Assigned task:
Nothing but the lines below from the one holding "Velocímetro do BMW X3" up to and including the one holding "US House approves" should be copied, exactly and without pictures.

Data excerpts:

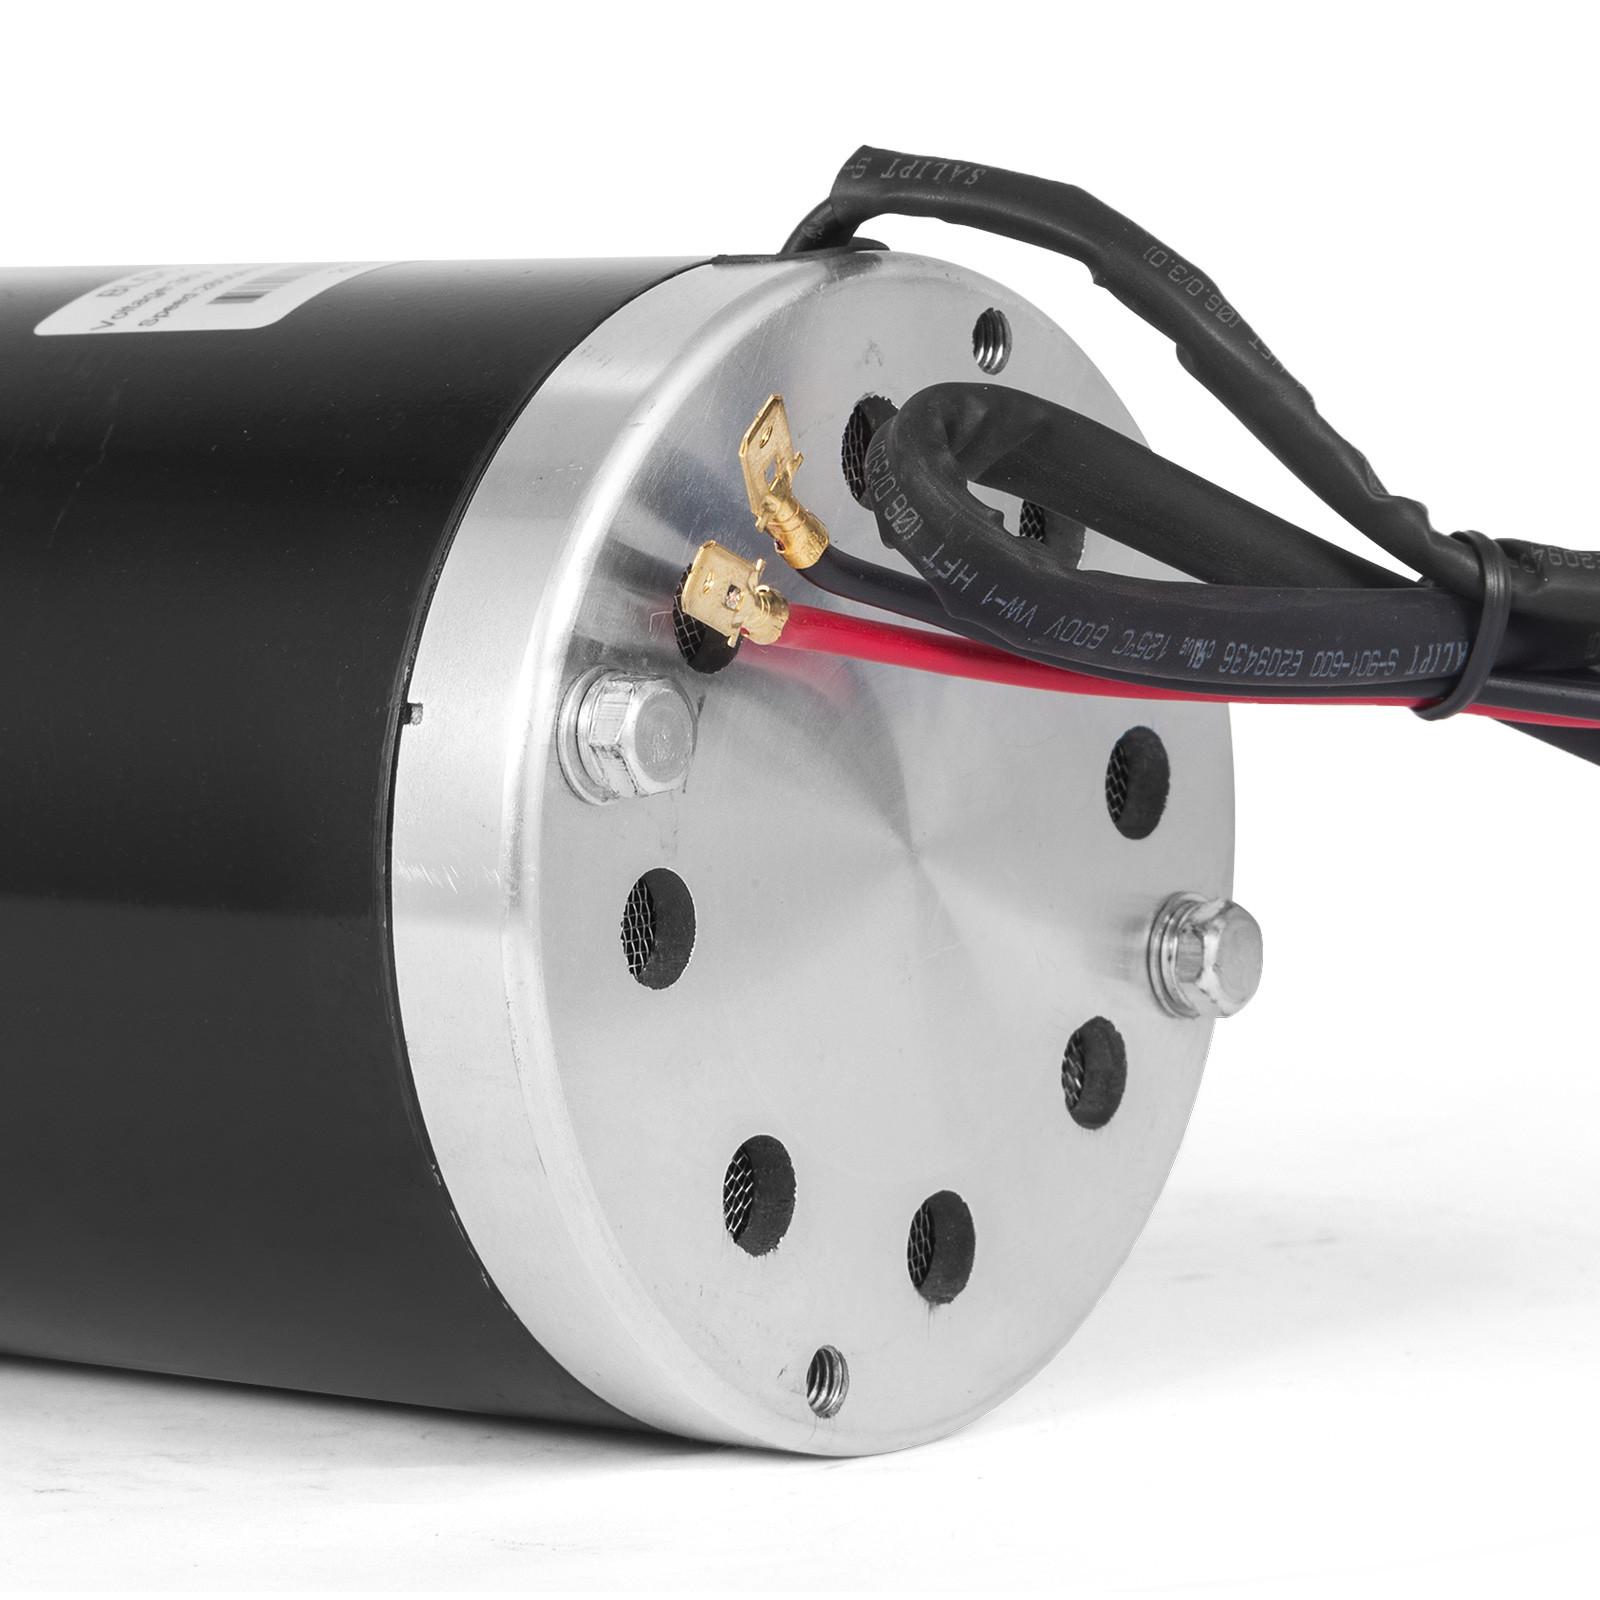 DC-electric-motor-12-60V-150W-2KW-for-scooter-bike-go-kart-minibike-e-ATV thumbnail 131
* * *
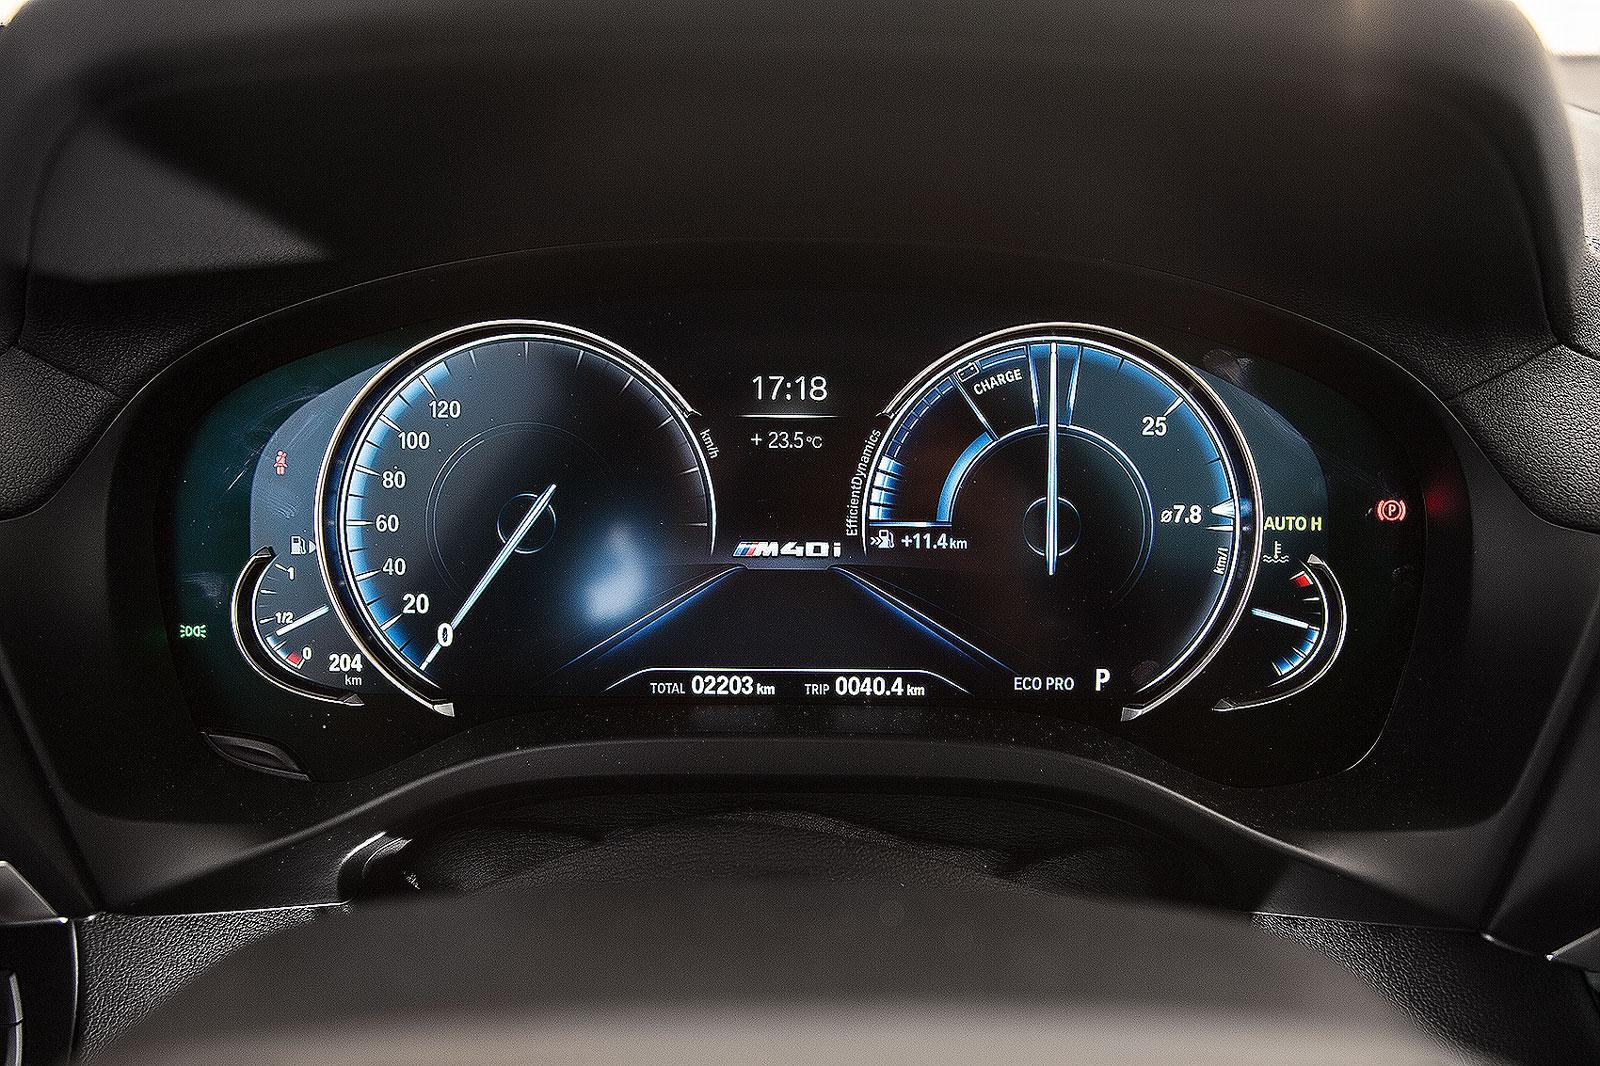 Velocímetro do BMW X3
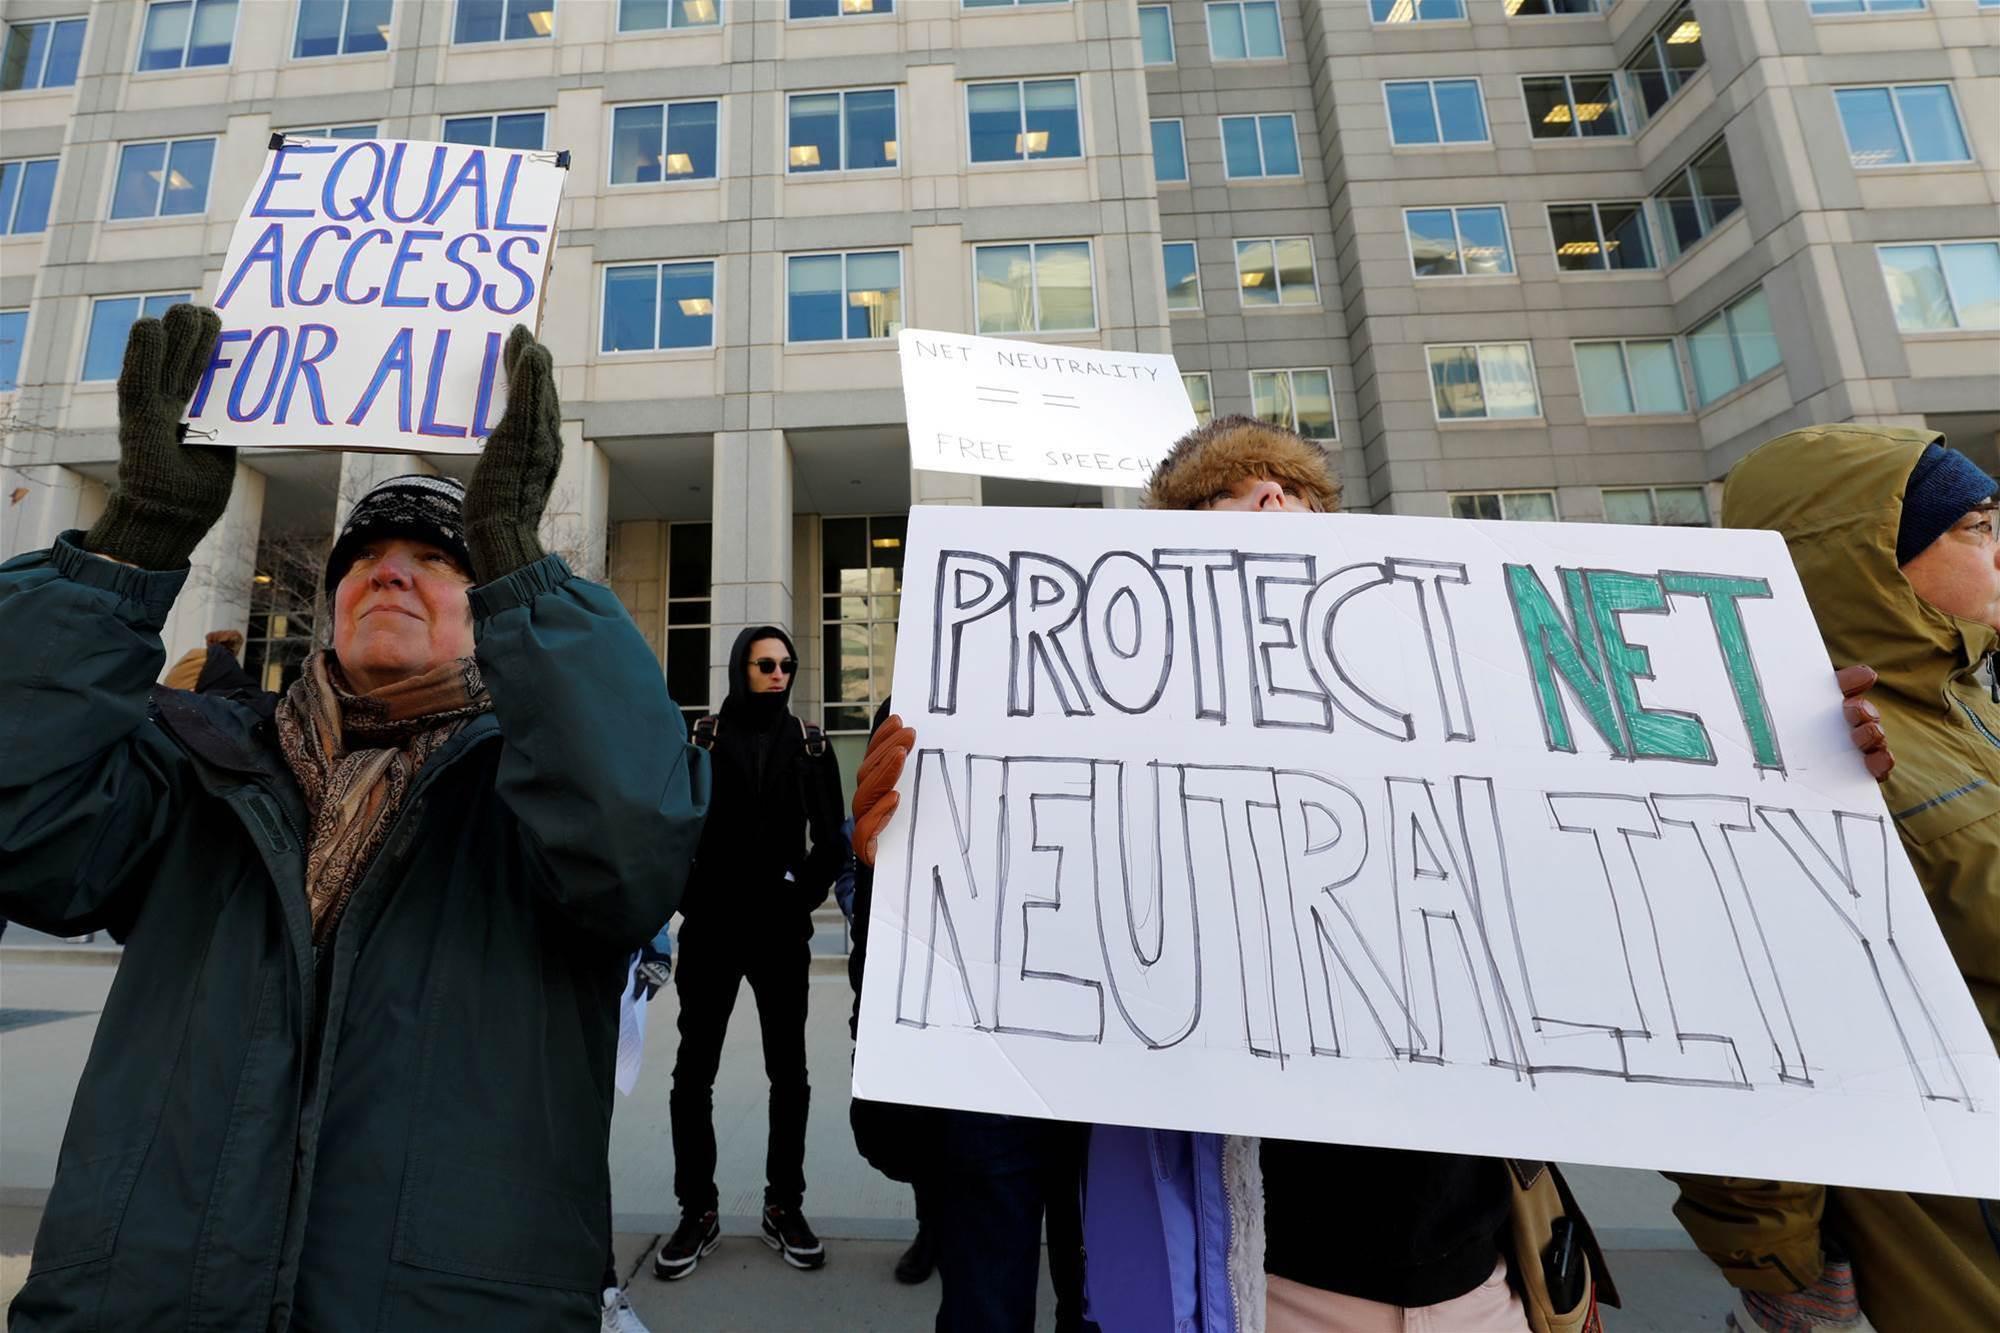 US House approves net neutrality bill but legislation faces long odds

Your response:
 Velocímetro do BMW X3
 US House approves net neutrality bill but legislation faces long odds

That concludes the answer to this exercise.